I've often heard from cottagers fed up with the way some people treat our local beaches. Some are just small matters of beach etiquette that, if ignored, can add up to a big mess — and an environmental problem. In honour of Emily Post, we present the following tips on proper beach etiquette. You might want to post these in a conspicuous place where visitors to your beach can read and learn.

Don't bring glass containers:  Leave your glass containers at home. Use plastic and paper (that you can recycle) when you go to the beach. Most people are barefoot, and you don’t want to cause injury to humans or their beloved pets, if the glass breaks.

Can you dig it? Sure, but fill it in afterwards:  Like a golfer replacing a divot, beach goers who like to dig in the sand need to fill in their holes when they are done. Sand castles and holes left on the beach can pose a hazard to others walking along the shore, particularly people with low vision or walking after dark.

Bring a bag to collect litter as you walk on the beach: Many of the wildlife who live in and around the water do not chew or taste their food. They just gulp it! Even tiny pieces of litter can hurt wildlife, so please be sure to dispose of your garbage and recyclables in the proper place.

The Beach is NOT a Big Ashtray:  When you go to the beach, try to enjoy the fresh lake air. Smoking ruins the total beach effect, and it really annoys others who are downwind. If you can’t go an hour without a smoke, separate yourself from others and make sure you are the one who is downwind. Dispose of your cigarette safely in a garbage receptacle, not the sand. Cigarette butts are a big polluter on our beaches, and a danger to wildlife if ingested.

Don't feed the wildlife:  Birds and other animals at the beach can find their own food that is much healthier than the over-processed, salted, high-fat snacks in your picnic basket. Seagulls are good at begging and hovering. If you feed them, you may make them even more aggressive.
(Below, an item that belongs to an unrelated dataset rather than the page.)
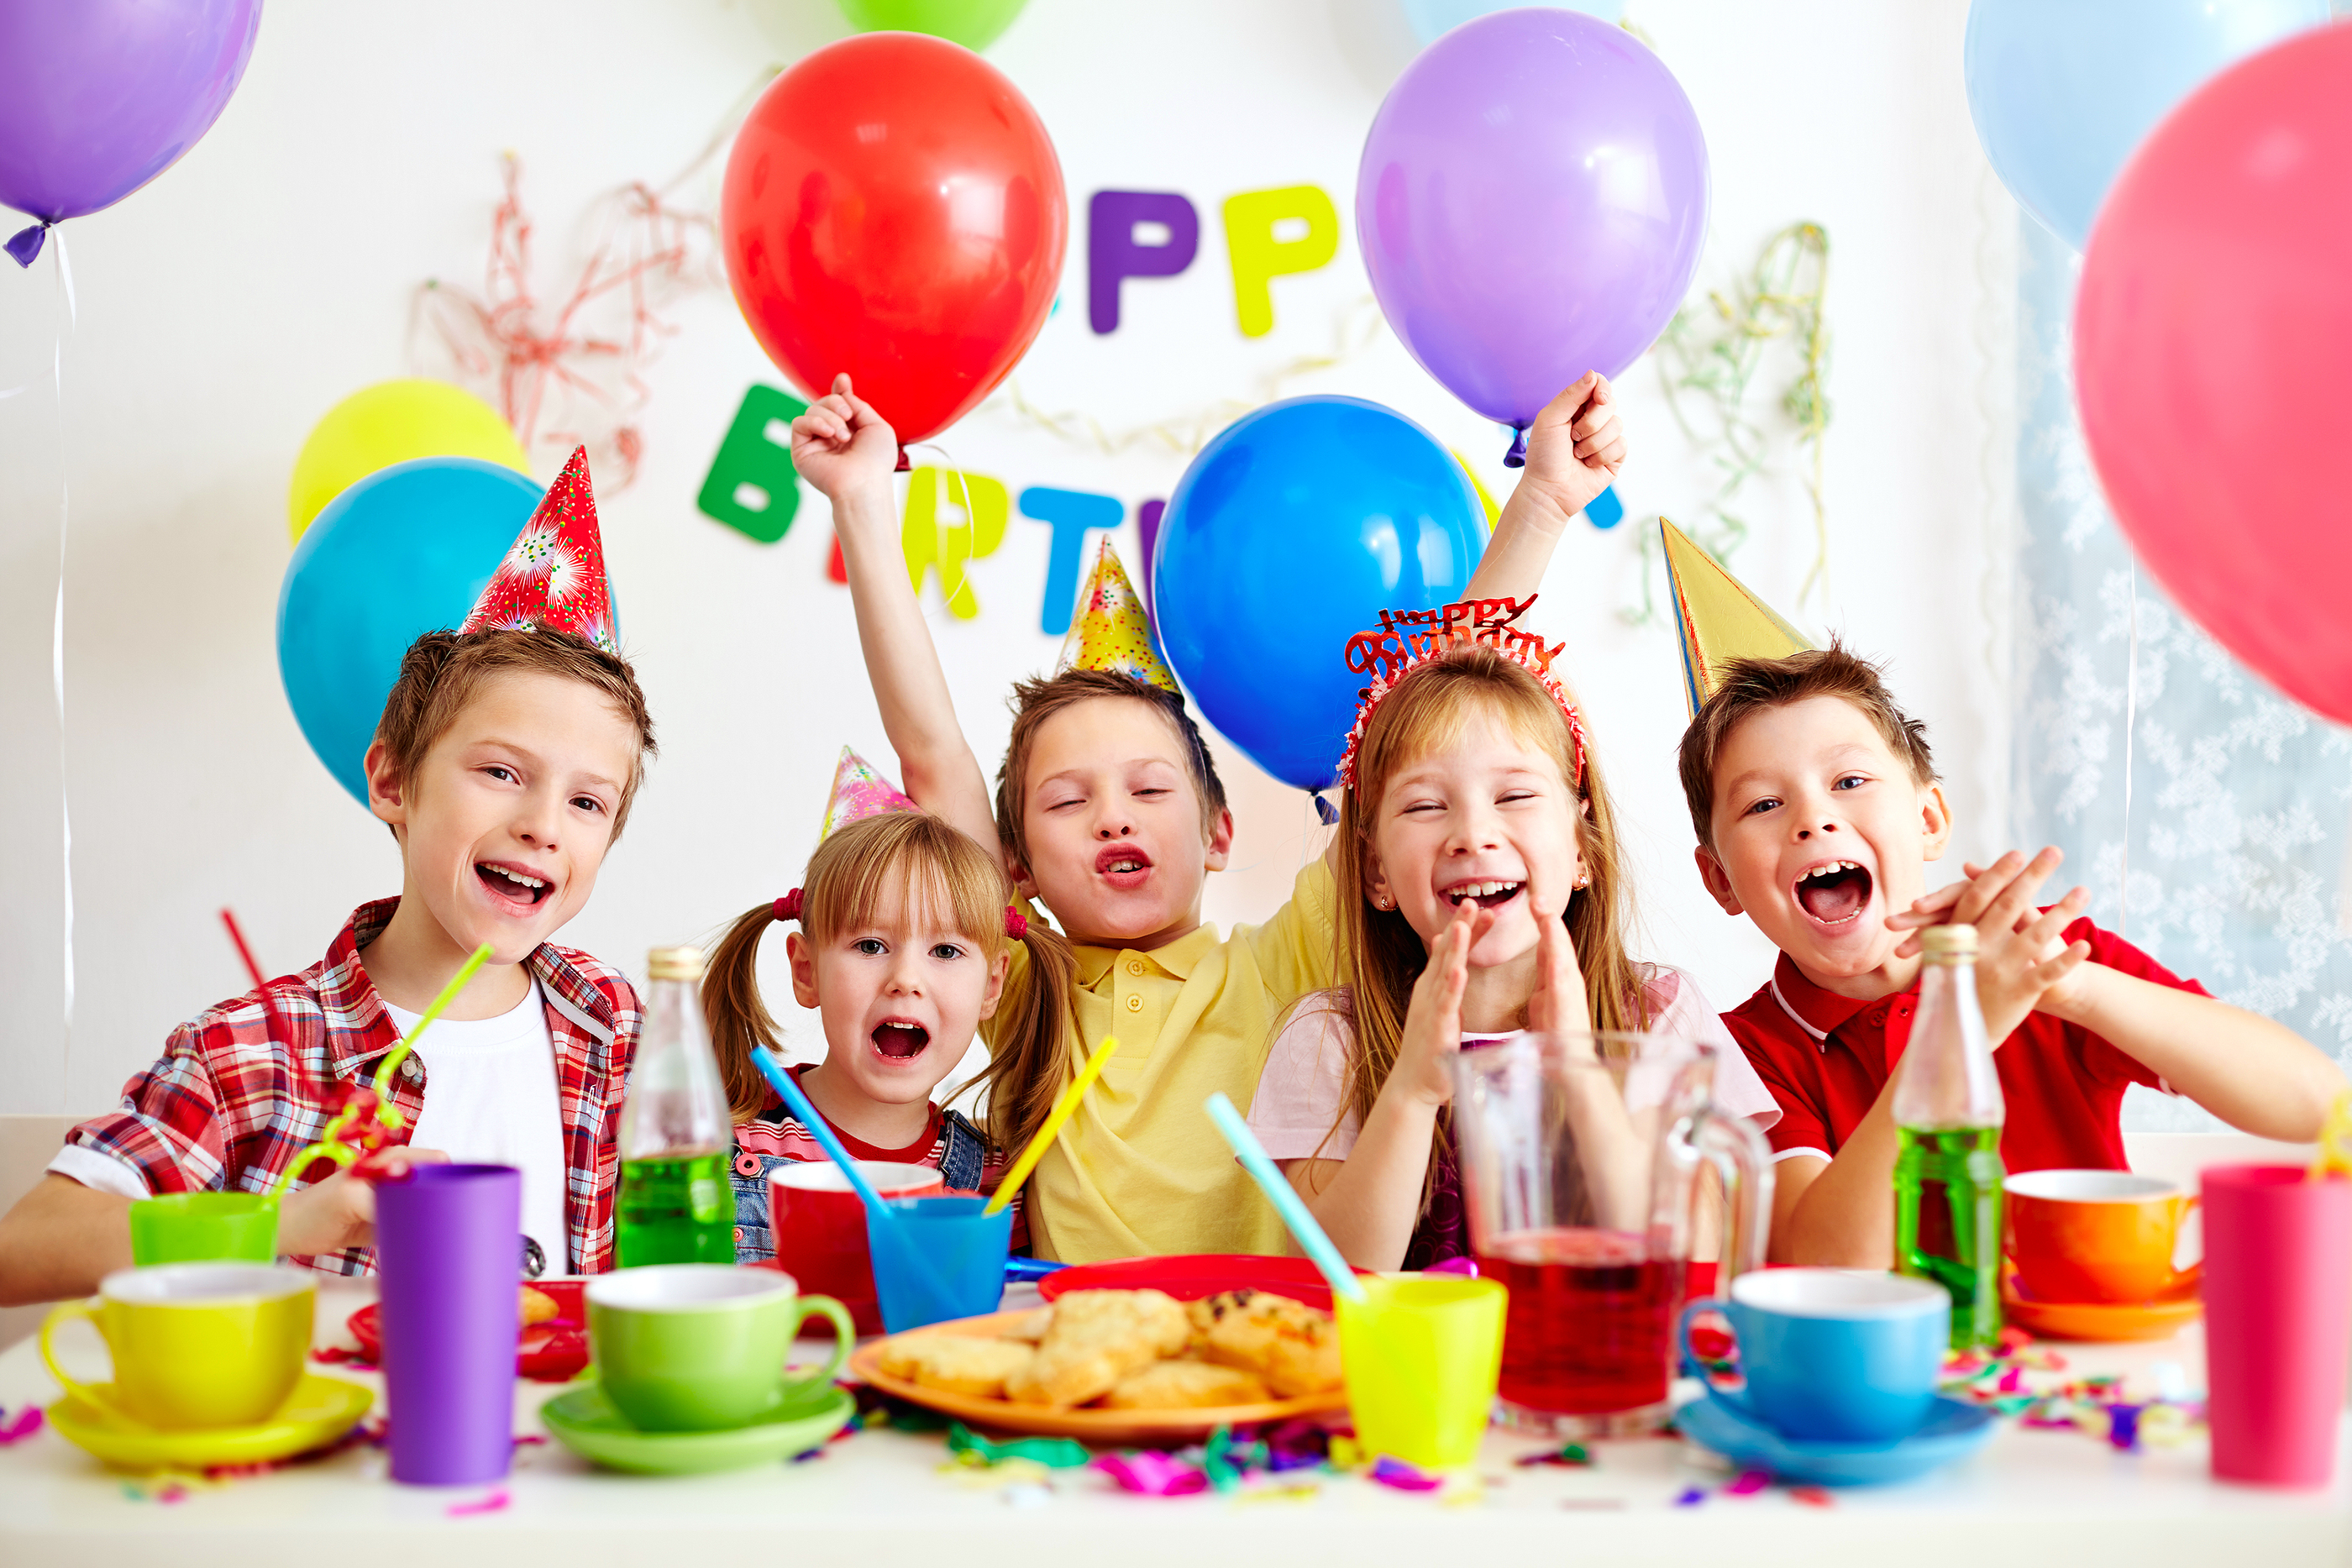 BirtHDay Party HD Background Wallpaper

Dispose of your litter properly:  Most public beaches have garbage or recycling cans positioned in strategic locations so you don’t have to walk too far to get rid of your garbage. Never toss it into the water or leave it on the sand for others to pick up: no one likes walking around litter on the beach.

Leave the beach cleaner than you found it: Human-generated garbage (like plastics) often ends up on the beach. This can kill shore life (fish, birds, etc.) that either becomes entangled in it or ingests it. It is collectively our responsibility to clean up our garbage!

Beach Fires:  Many public beaches no longer allow fires on the beach. But for those areas where it is still allowed, make sure your fire is fully extinguished before you leave it. Build your fire near the water's edge so that embers do not float up and into treed areas or worse onto cottages.  Do not have fires during the day or night when it is windy.  If you start a fire when there is no wind but the wind gets up, immediately put out the fire. Spread the wood and coals out and pour water on it.  A bonfire that is not put out completelty can smolder for hours, which is a nuisance for your neighbours.  Many beach users have been victim to thoughtless people who haven’t put out their fire properly, only to step on a still burning ember the following day.

Follow the posted rules:  Most public beaches have rules posted near the entrance. Read them and follow them. They are for the safety and enjoyment for everyone.  These rules are very applicable to private beaches too!

We hope that these etiquette tips will contribute to making Lake Huron the most civilized of the Great Lakes.

 [article by Geoff Peach, Coastal Resources Manager]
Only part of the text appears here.